**Information provided**.
§

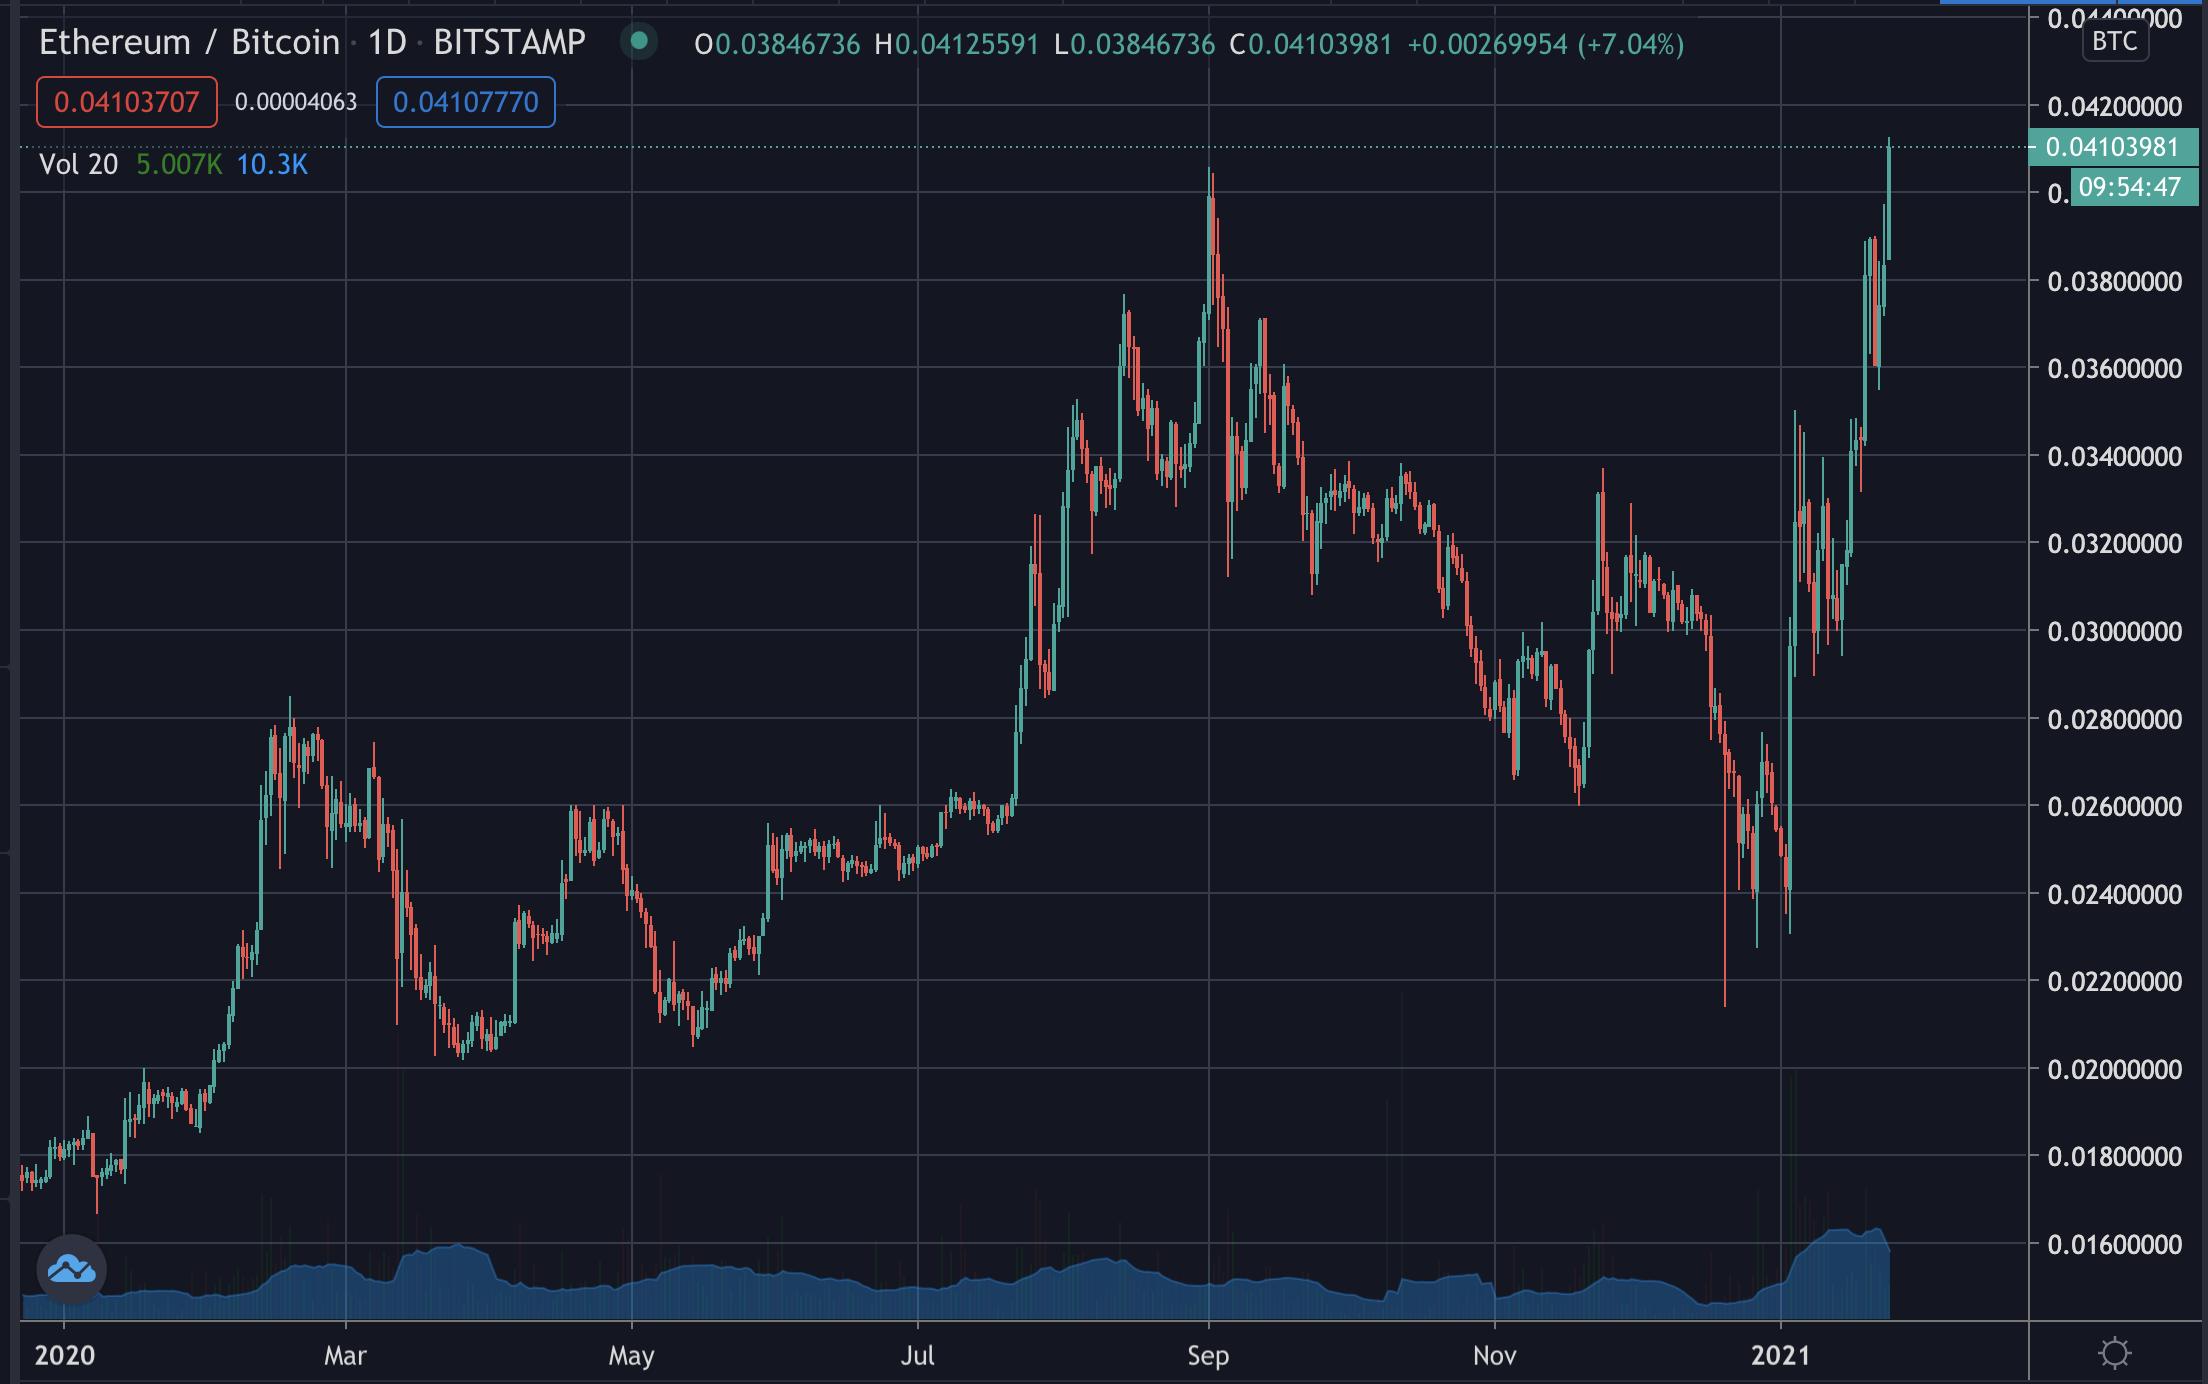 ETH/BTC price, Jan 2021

§

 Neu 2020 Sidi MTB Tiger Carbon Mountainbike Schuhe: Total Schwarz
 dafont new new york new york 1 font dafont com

§

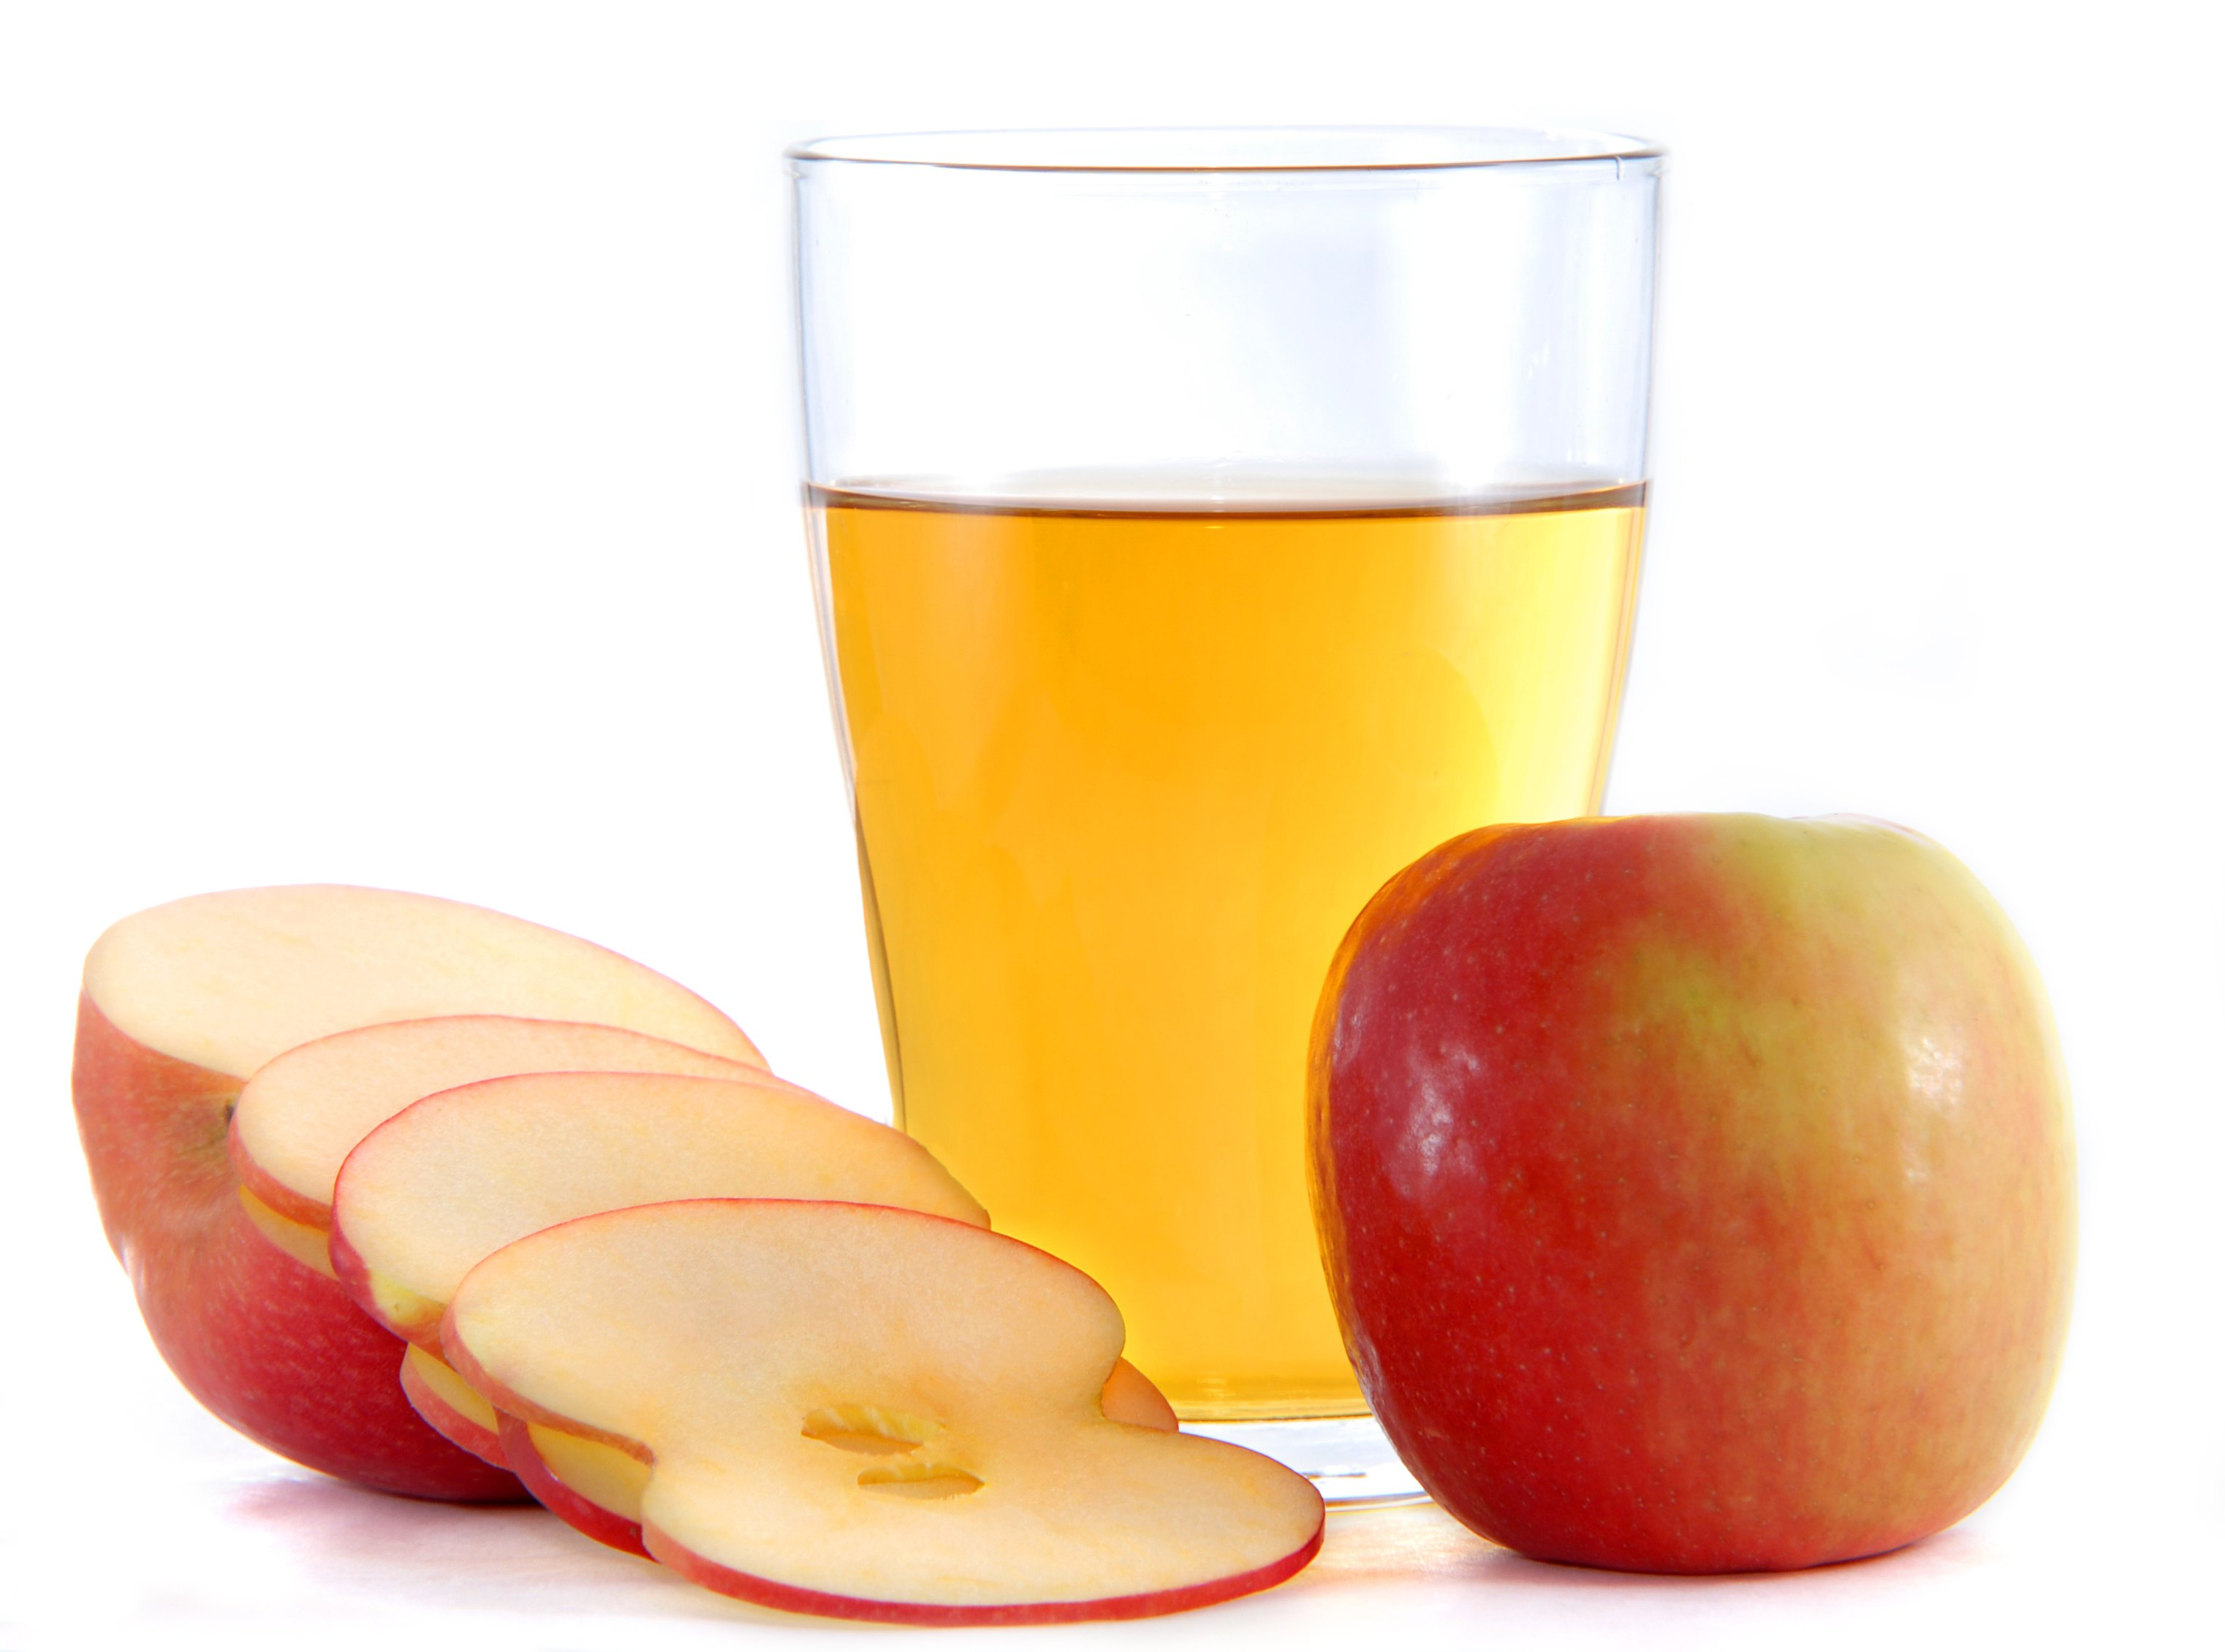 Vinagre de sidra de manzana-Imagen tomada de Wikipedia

§

**Task directions**. Among the lines above, repeat exactly those from the line with "Neu 2020 Sidi" to the line with "dafont new new", counting both ends.

**Answer box**.
 Neu 2020 Sidi MTB Tiger Carbon Mountainbike Schuhe: Total Schwarz
 dafont new new york new york 1 font dafont com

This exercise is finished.